The heapq.nlargest function is used to select the 1000 words with the highest frequency (as determined by the word2count.get function) from the word2count dictionary. The resulting list of words is stored in the variable freq_words.

df['tokens'] = df['cleaned_text'].apply(nltk.word_tokenize)
df_x = []
for text in tqdm(df.iloc[:, -1]):
vec = [1 if word in text else 0 for word in freq_words]
vec = csr_matrix(vec)
df_x.append(vec)

This code loops through each text in a dataframe and creates a vector for each text indicating the presence or absence of the most frequent words in the text. It uses the “csr_matrix” function to store these vectors in a sparse matrix format to save memory. The resulting matrix can be used as input data for a machine learning model.

Encoding numeric values to the target variable

replace_map = {'negative': 0, 'positive': 1, 'litigious': 2, 'uncertainty': 3}
df_y = df['Label'].map(replace_map)

Splitting the data and training it on the Naive Bayes model.

x_train, x_test, y_train, y_test = train_test_split(df_x,df_y,
test_size = 0.25,
random_state = 0,
stratefy = df_y)
training_data = sp.vstack(x_train)
test_data = sp.vstack(x_test)

The code is transforming a list of sparse matrices into a single sparse matrix. The sp.vstack function from the scipy library is being used to vertically stack the sparse matrices in the x_train list into one large sparse matrix called training_data. The same process is being repeated for the x_test list to create a test_data sparse matrix.

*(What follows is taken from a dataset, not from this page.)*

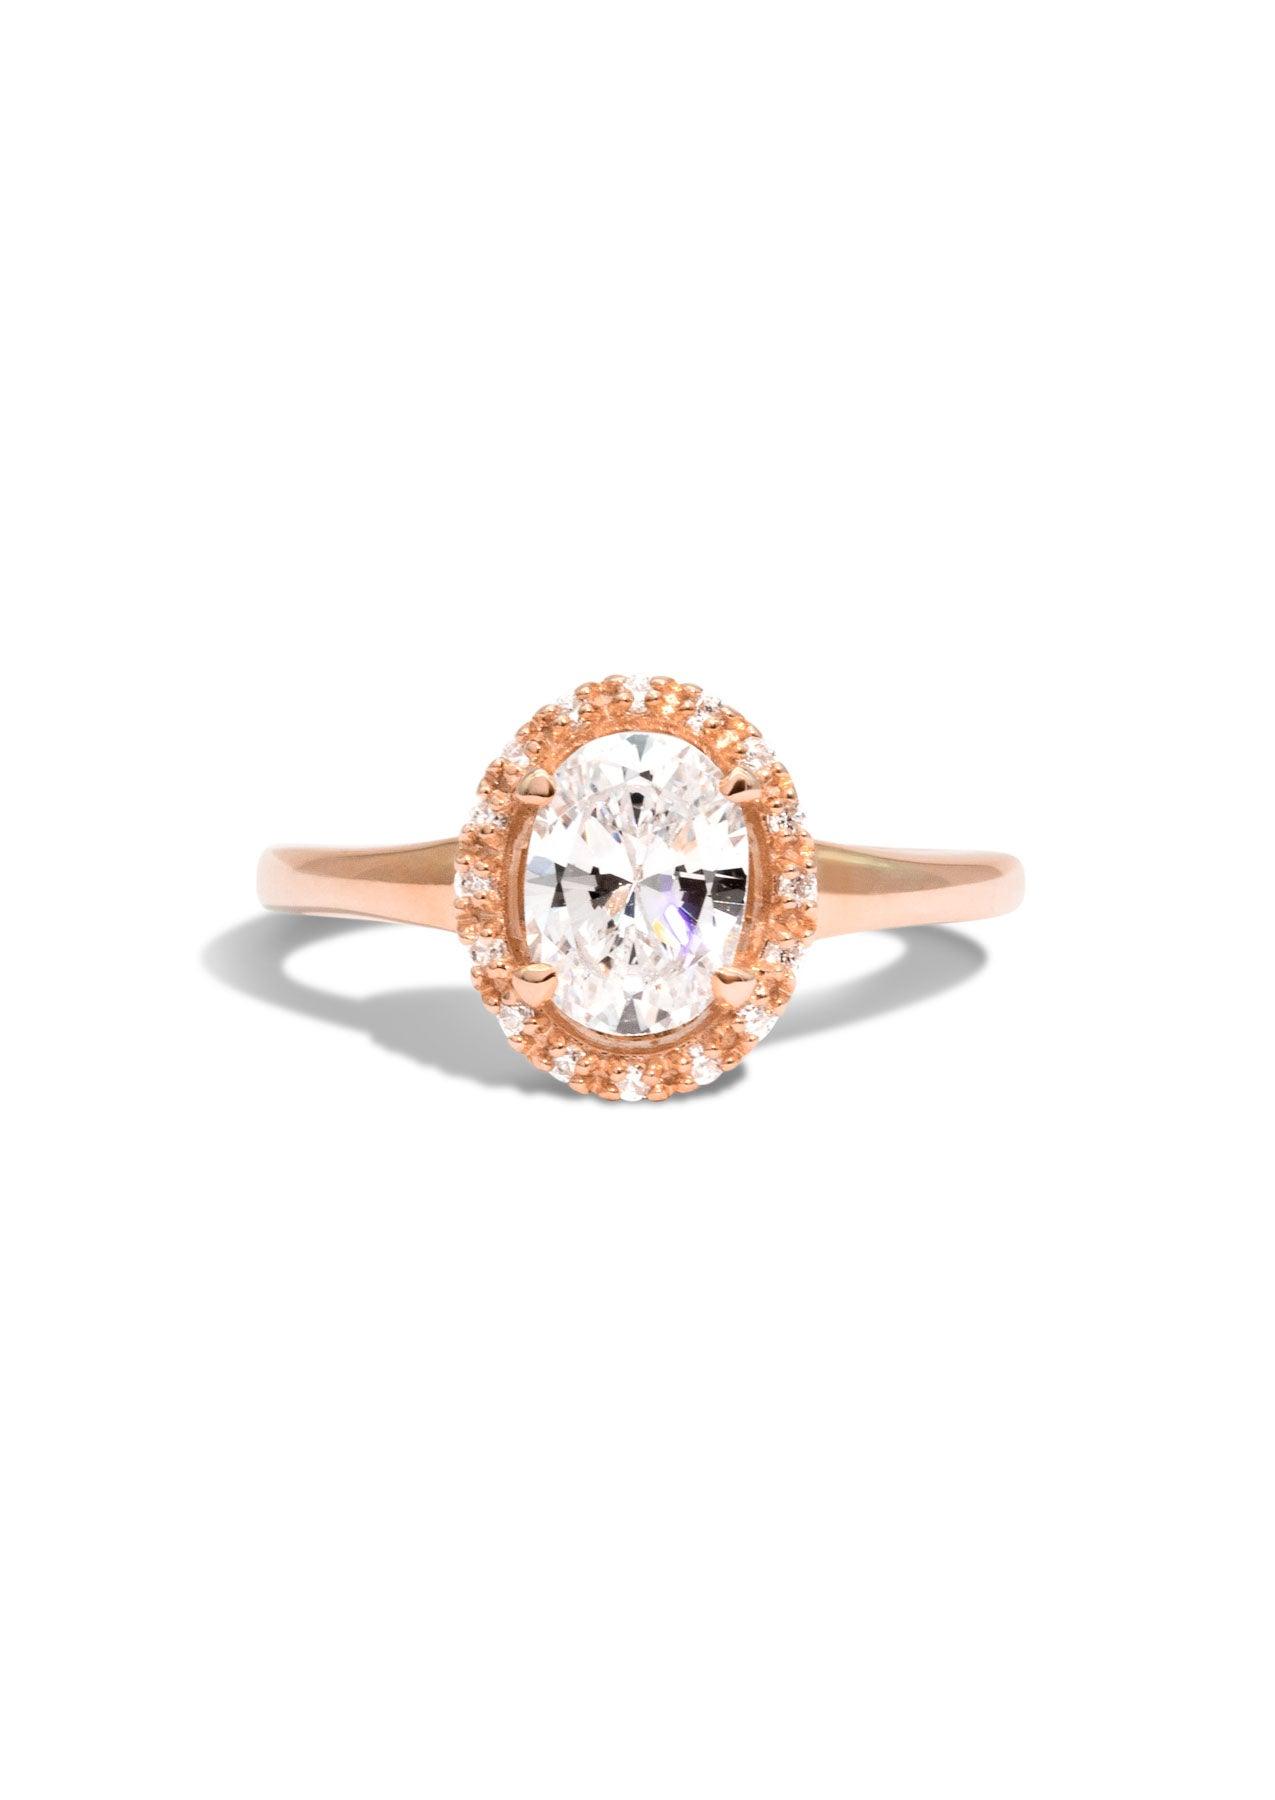 The Iris Rose Gold Cultured Diamond Ring

This step is often done to prepare the data for training or testing in a machine learning model.

# Fitting NB to the training set
# from sklearn.naive_bayes import GaussianNB
from sklearn.naive_bayes import ComplementNB
classifier = ComplementNB()
classifier.fit(training_data,y_train)

Complement Naive Bayes (ComplementNB) is a variant of the Naive Bayes algorithm that suits well for high-dimensional sparse data, which is commonly seen in text data, making it a good choice for text classification problems.

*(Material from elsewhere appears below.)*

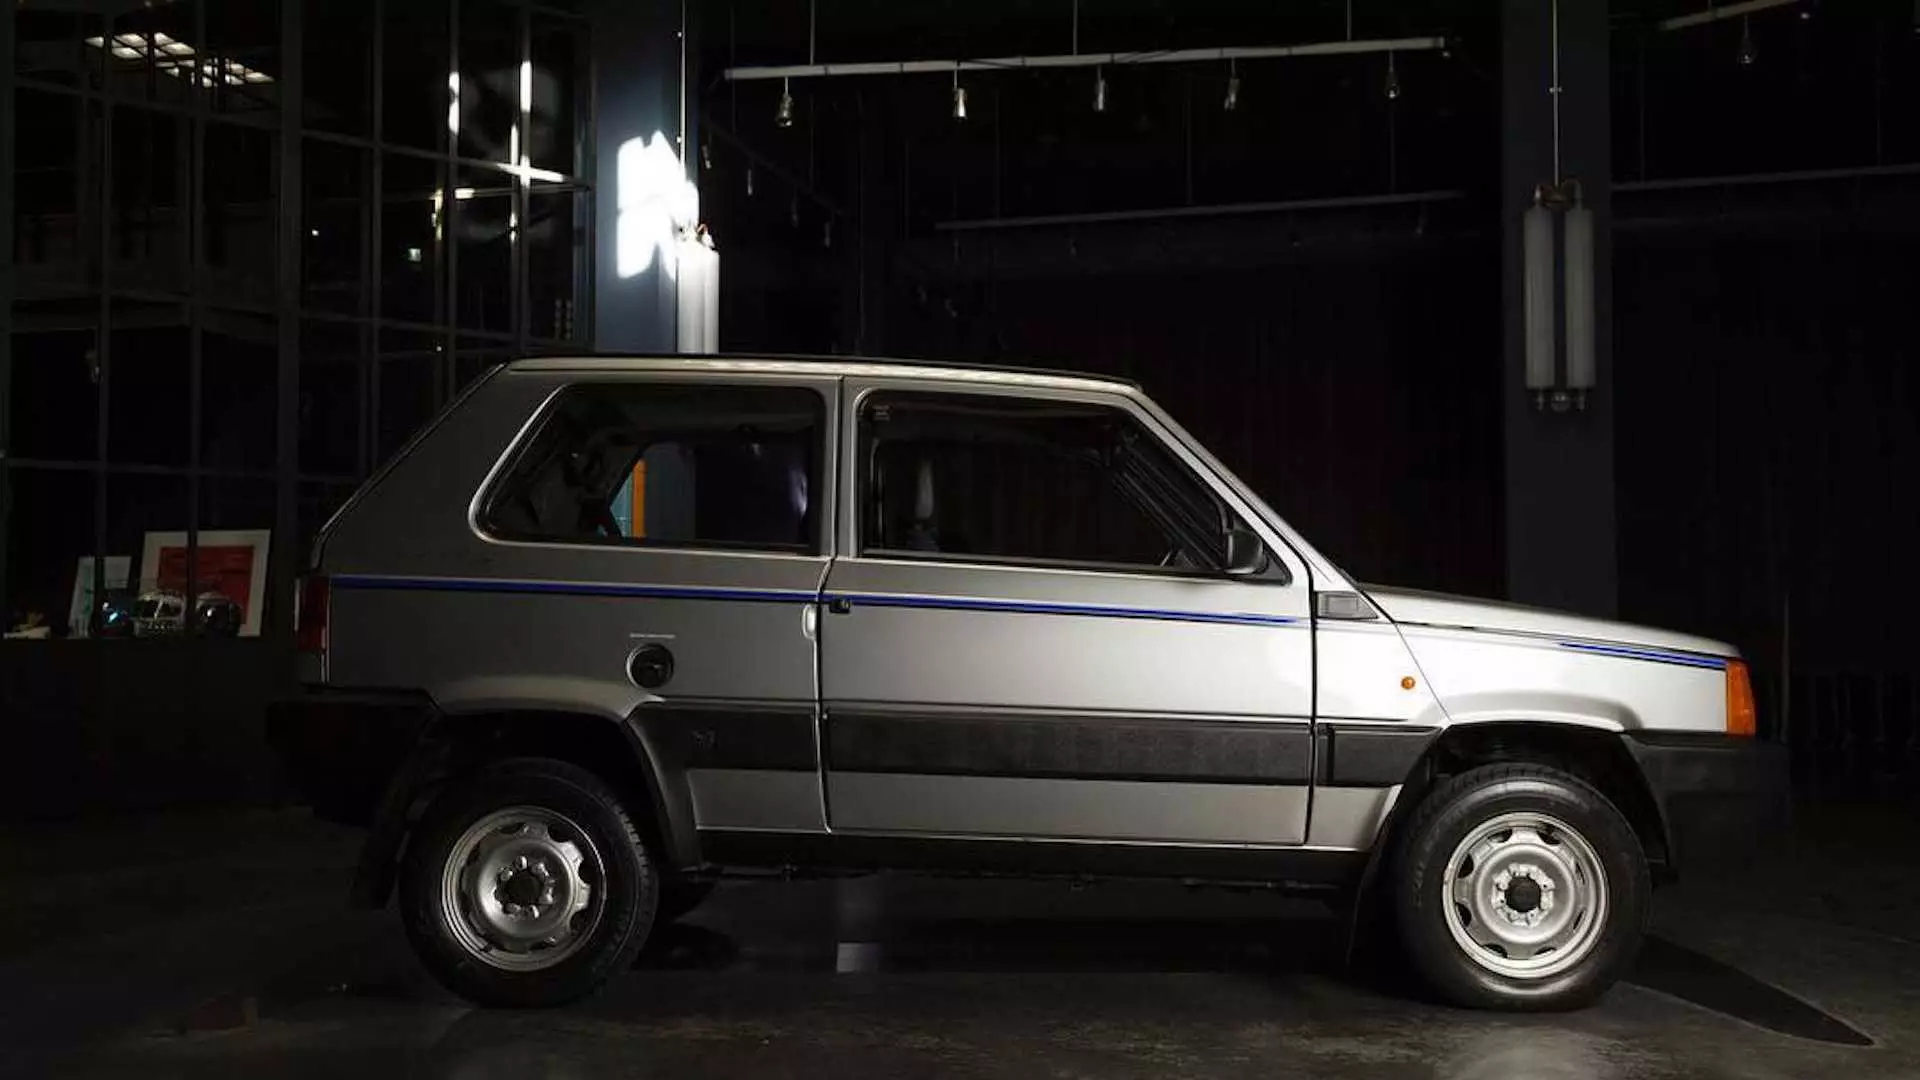 Fiat Panda 4x4 ta Gianni "L'Avvocato" Agnelli ta Garage Italia Customs

Making predictions and evaluating performance with the help of a confusion matrix:

y_pred = classifier.predict(test_data)

cm = confusion_matrix(y_test, y_pred)

from mlxtend.plotting import plot_confusion_matrix

fig, ax = plot_confusion_matrix(conf_mat=cm,
show_absolute=True,
show_normed=True,
colorbar=True,
figsize=(15, 15))
plt.show()
Confusion Matrix

This confusion matrix is a 4x4 matrix that shows the performance of a multi-class classification model. Each row of the matrix represents the instances in a predicted class, while each column represents the instances in an actual class. The diagonal elements represent the number of correctly classified instances for each class. In this matrix, the first row shows the number of instances that were correctly classified as belonging to the first (negative) class, and the first column shows the number of instances that actually belong to the first (negative) class. The other rows and columns follow the same pattern for the other classes (labels).

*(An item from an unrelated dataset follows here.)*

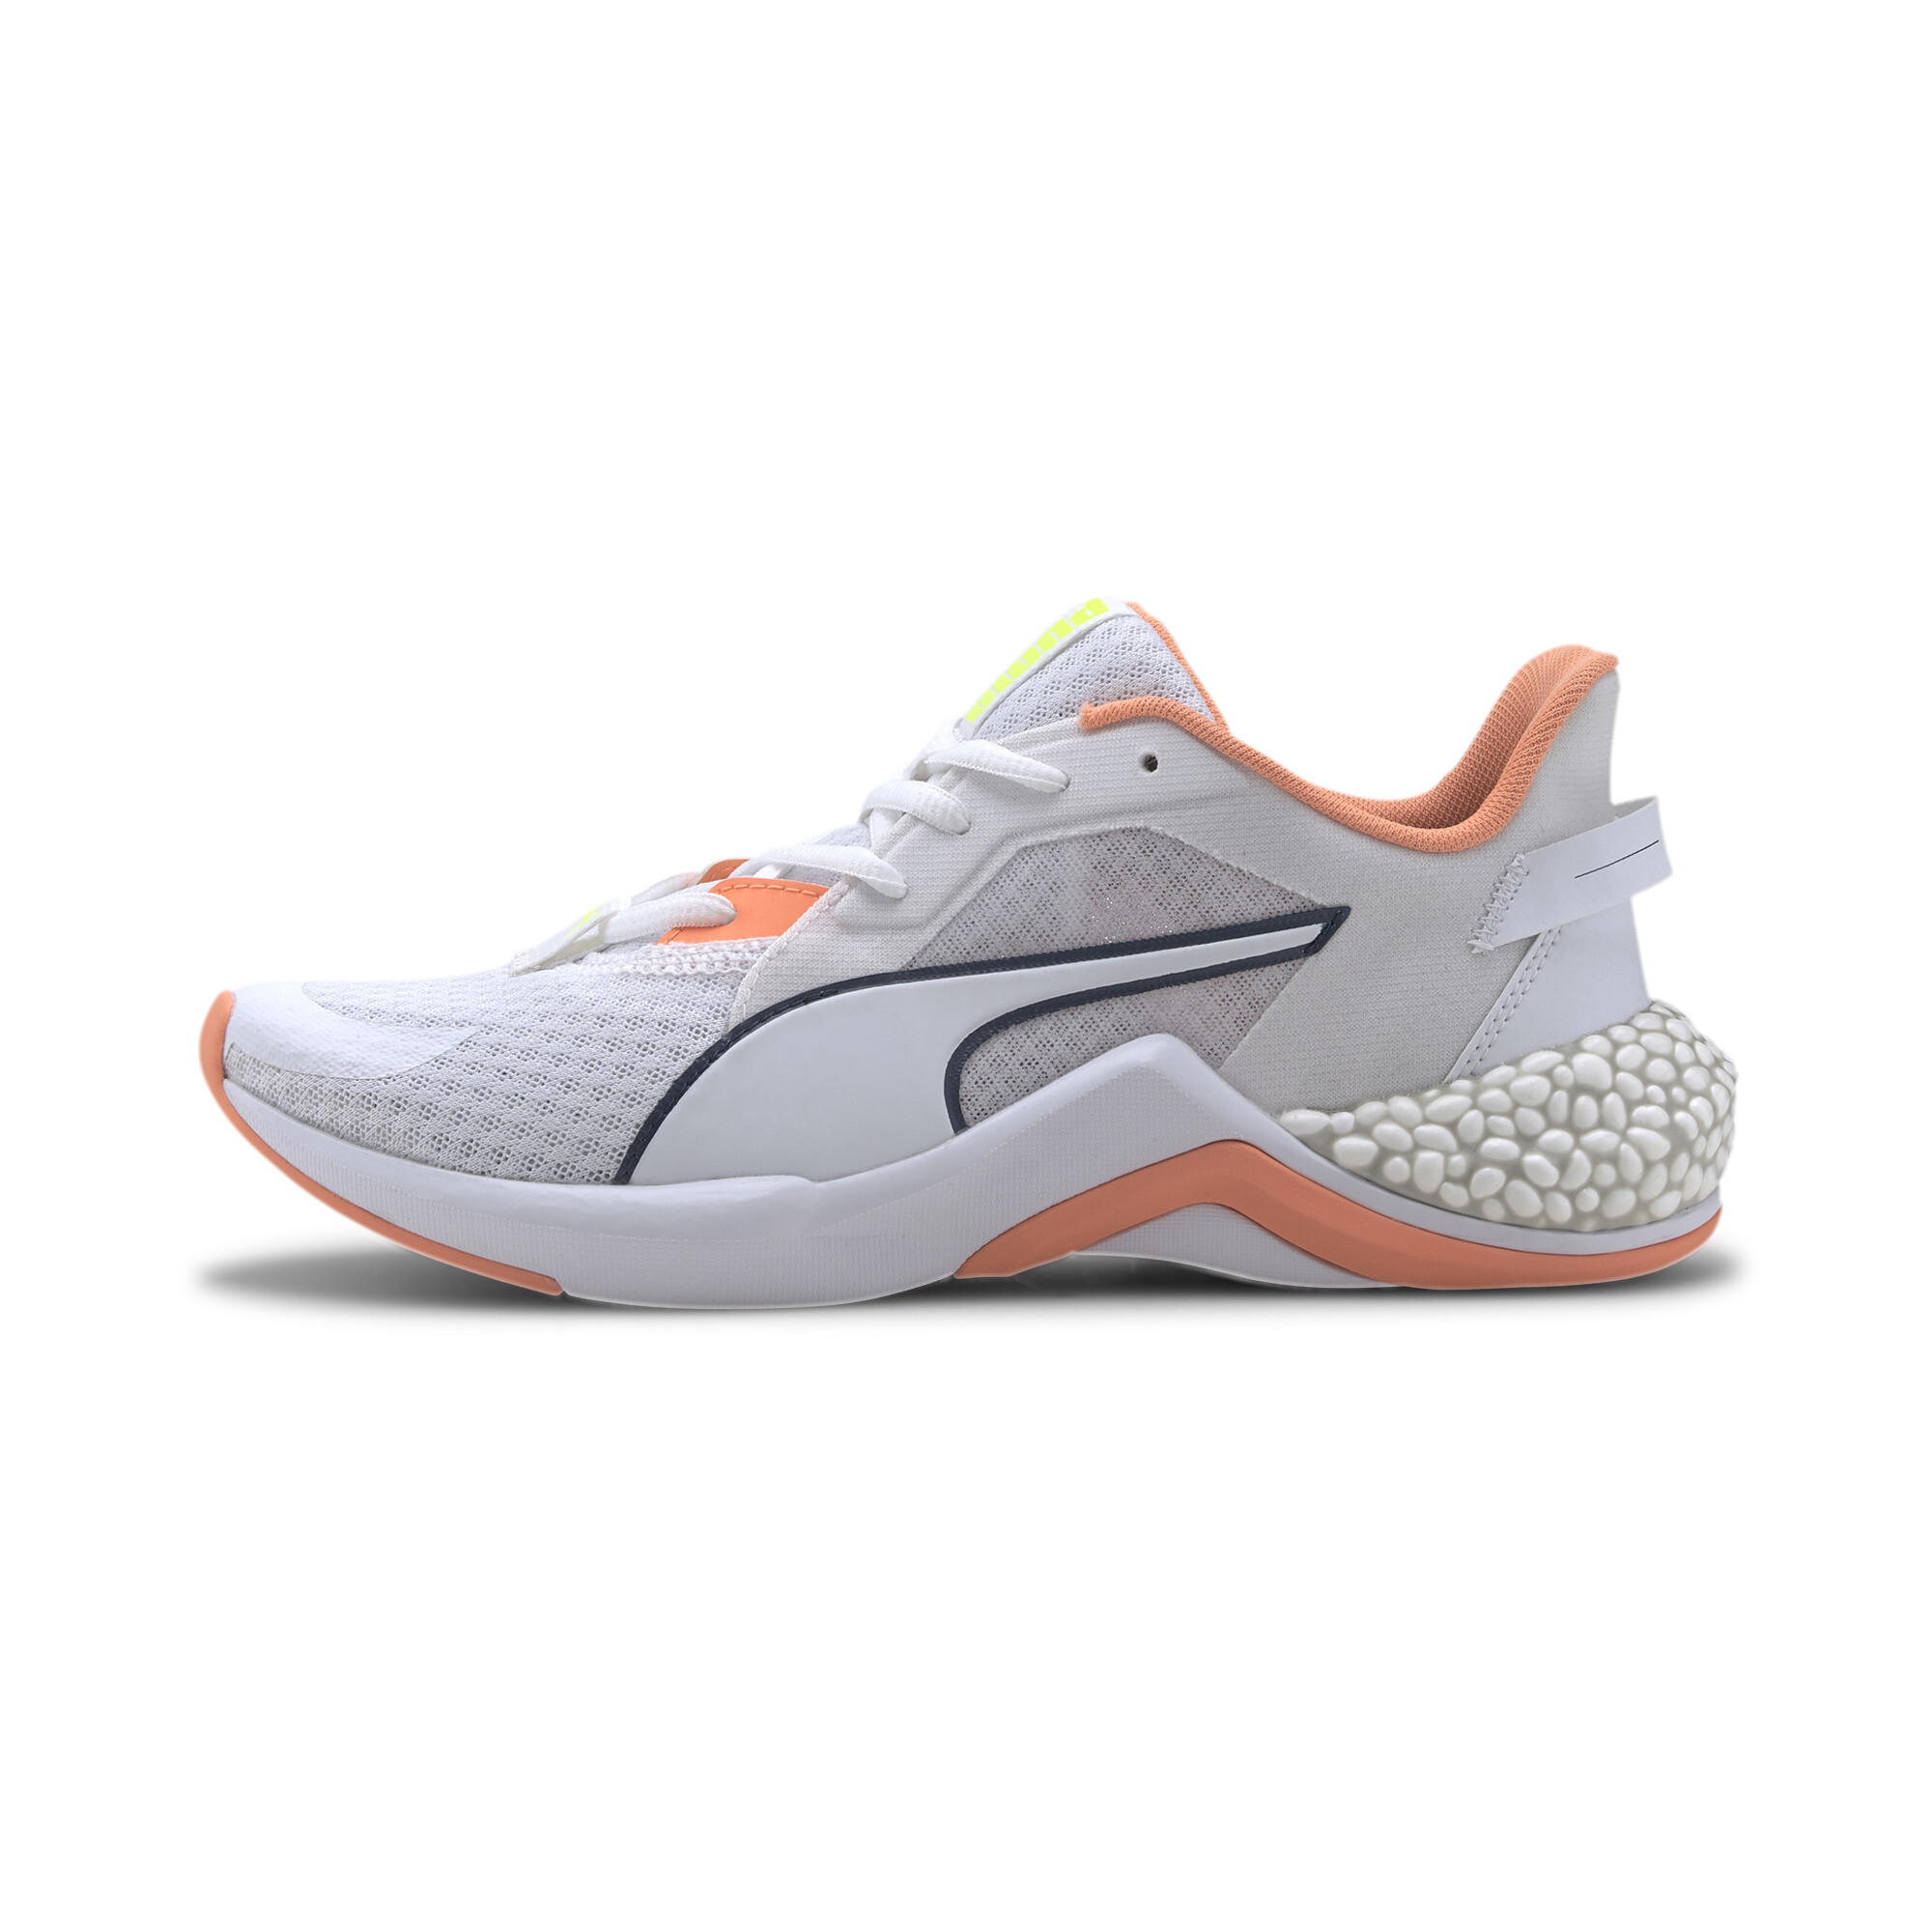 PUMA Women's HYBRID NX Ozone Running Shoes | eBay

For example, the element in the first row and second column (646) represents the number of instances that were actually in the second (postive) class, but were misclassified as belonging to the first (negative) class.

# Accuracy
print("Accuracy:",metrics.accuracy_score(y_test, y_pred))
# Accuracy: 0.904867383594817

The accuracy of 90% is a good accuracy when considering that we have only used a basic text processing technique and did not use any hyperparameters.

TF-IDF

TF-IDF stands for term frequency-inverse document frequency. It is a numerical statistic that is intended to reflect how important a word is to a document in a corpus. The TF-IDF value increases proportionally to the number of times a word appears in the document and is offset by the frequency of the word in the corpus, which helps to adjust for the fact that some words appear more frequently in general. It is often used as a weighting factor in information retrieval and text mining. The goal of using TF-IDF is to convert text documents into a set of numerical features that can be used in machine learning algorithms.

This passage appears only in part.